What does she think of how Gaga connects with her fans, and is it parallel to the relationship you had with gay fans early on?
It seems genuine. It seems natural, and I can see why she has a young gay following. I can see that they connect to her kind of not fitting into the conventional norm. I mean, she’s not Britney Spears. She’s not built like a brick shithouse. She seems to have had a challenging upbringing, and so I can see where she would also have that kind of connection, a symbiotic relationship with gay men.
On being a director…
I’m magnificent I don’t know — I’m pretty methodical and detail-oriented, very specific with everybody from the camera crew to the actors to the costume designer to the hair and makeup people. I was very specific with everybody all the time. I love giving actors as much information as possible and helping them as much as I can and then leaving them alone if they want me to.
Alek Keshishian on Madonna…
Madonna is self-aware enough to know that there are people who actively dislike her, who don’t know her and yet presume that they do and pass vitriolic judgments against her.
I was like 23 years old when she called me to do Truth or Dare. We always remained in touch.
Madonna on Alek Keshishian…
We’re like two schoolchildren. I would look away, and then I would look up at the screen and he would have typed something completely X-rated and pornographic.
Well, he would drag me into it. And then I would be like, ‘OK, OK, let’s stop this, we have to get back to work.’ And then he would get on his BlackBerry and I’d scream at him, and then I would have to go and do something with one of my kids and he would scream at me, and we would accuse each other of being unprofessional.
On being a parent…
I’m a strict mother. My daughter doesn’t know why I won’t allow her to get everything pierced or a tattoo or dye her hair blond on the tips and pink at the roots.

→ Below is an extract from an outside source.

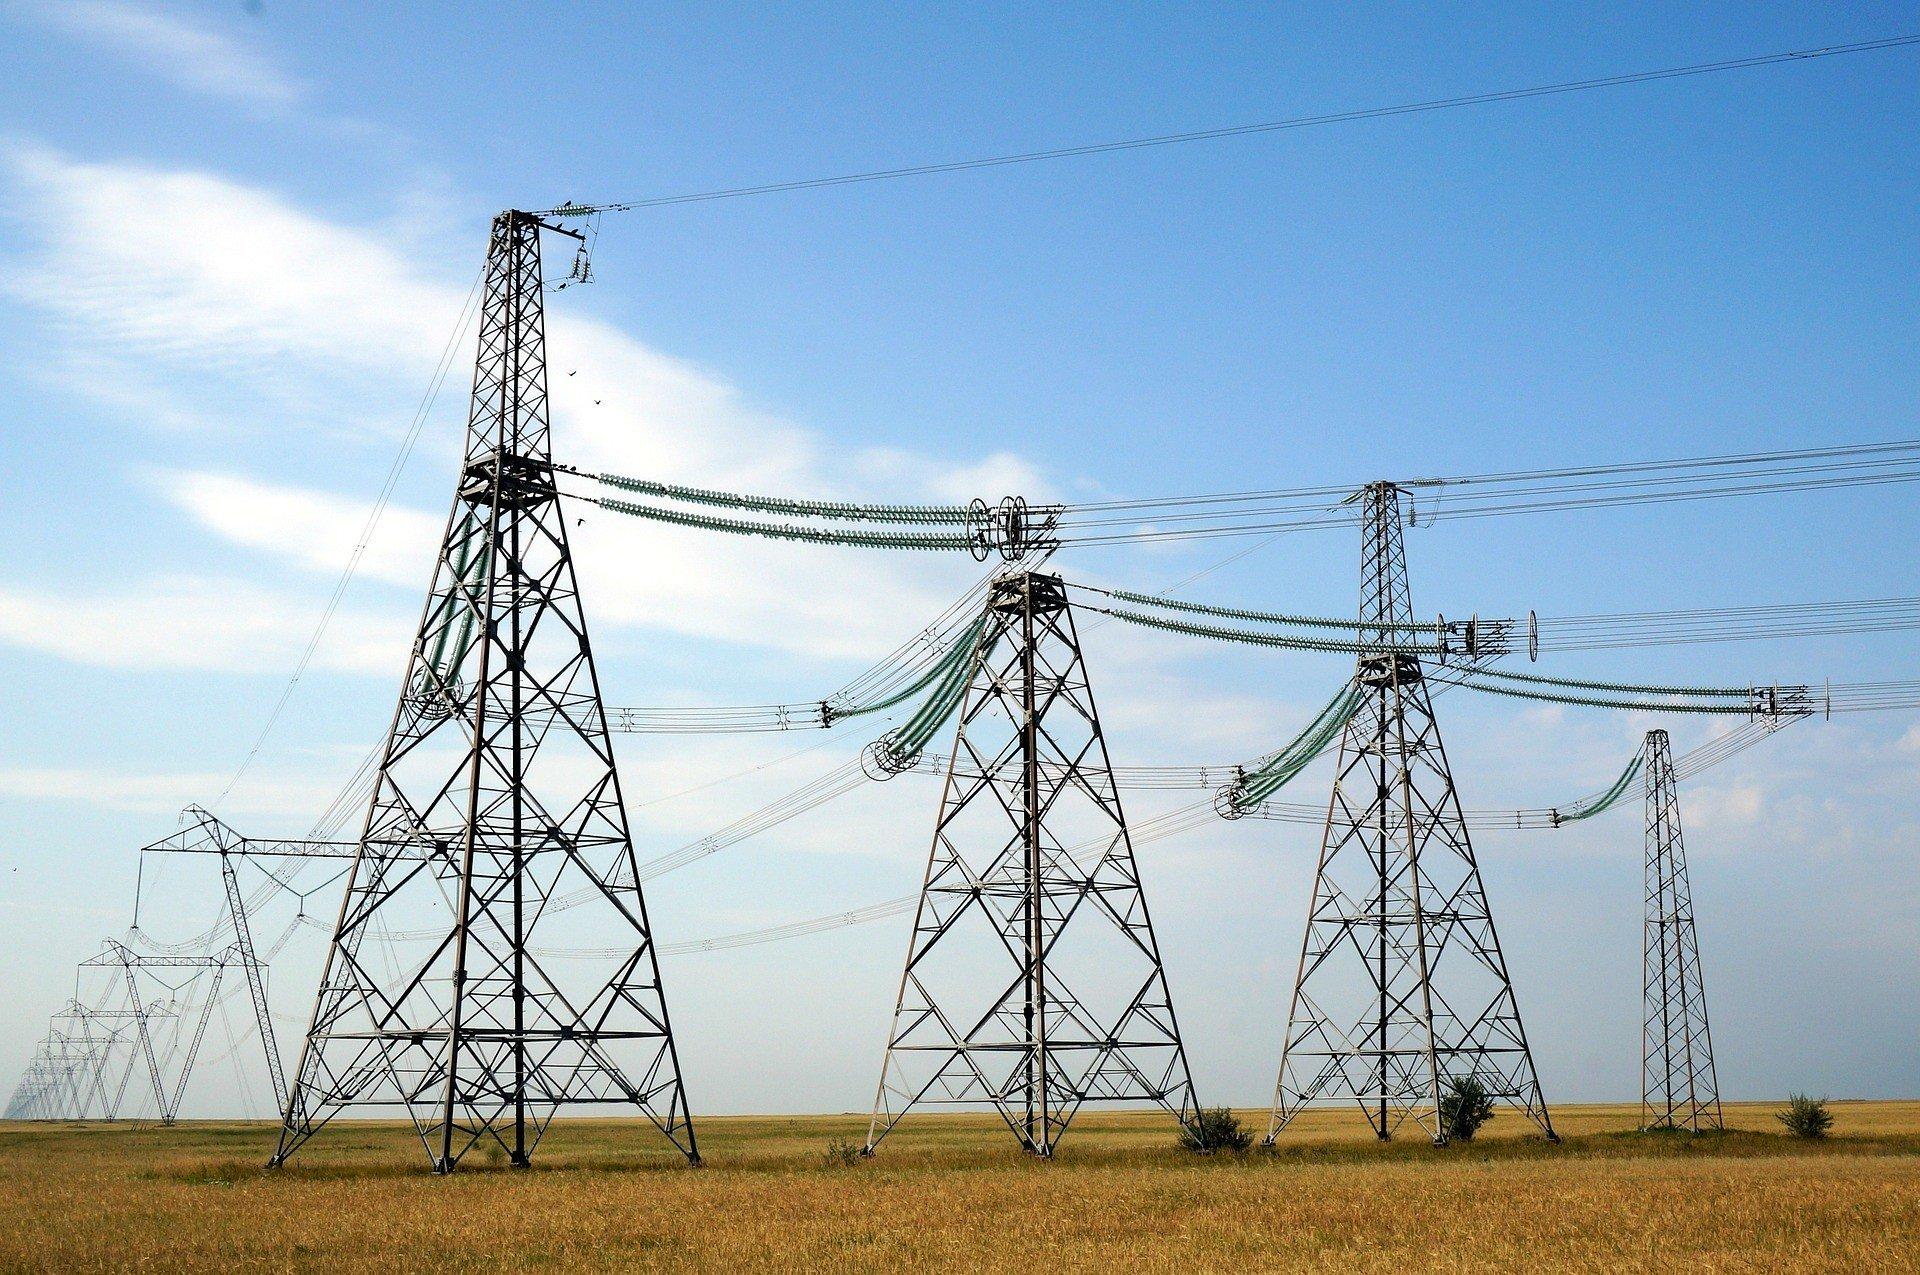 Білорусь повідомила про екстрені постачання електроенергії в Україну

But from now until then…
They just really want me to just be Mom and be normal, and don’t show up dressed in any outlandish way. Just come to school, do the parent-teacher meetings. I can’t even wear a tracksuit. That attracts attention too. You know, they don’t really want to see me as a famous person or a celebrity or somebody. They don’t get it right now. They think I’m a little quirky.
Reading Patti Smith’s book Just Kids really helped me. It’s important to remember [that magical time when being creative and innocent and free was everything] and bring that forward into your life and to have spontaneous moments.
On Sunday, I squeezed my four kids into the car and [went] shopping in East Hampton. It was very weird. The people in Ralph Lauren were not prepared. I never go shopping. And my daughter was looking like — Madonna scrunches up her nose, as if in disbelief — because she’s always trying to get me to go shopping, and I never will. That was fun.
It seems that Madonna is still enjoying what she’s doing. She even seems to have mellowed a bit. Reinvention? Maybe, at 53, she’s had enough of that.
Is making a film reinventing myself?
I don’t think so. I’m just telling stories with different clothes on.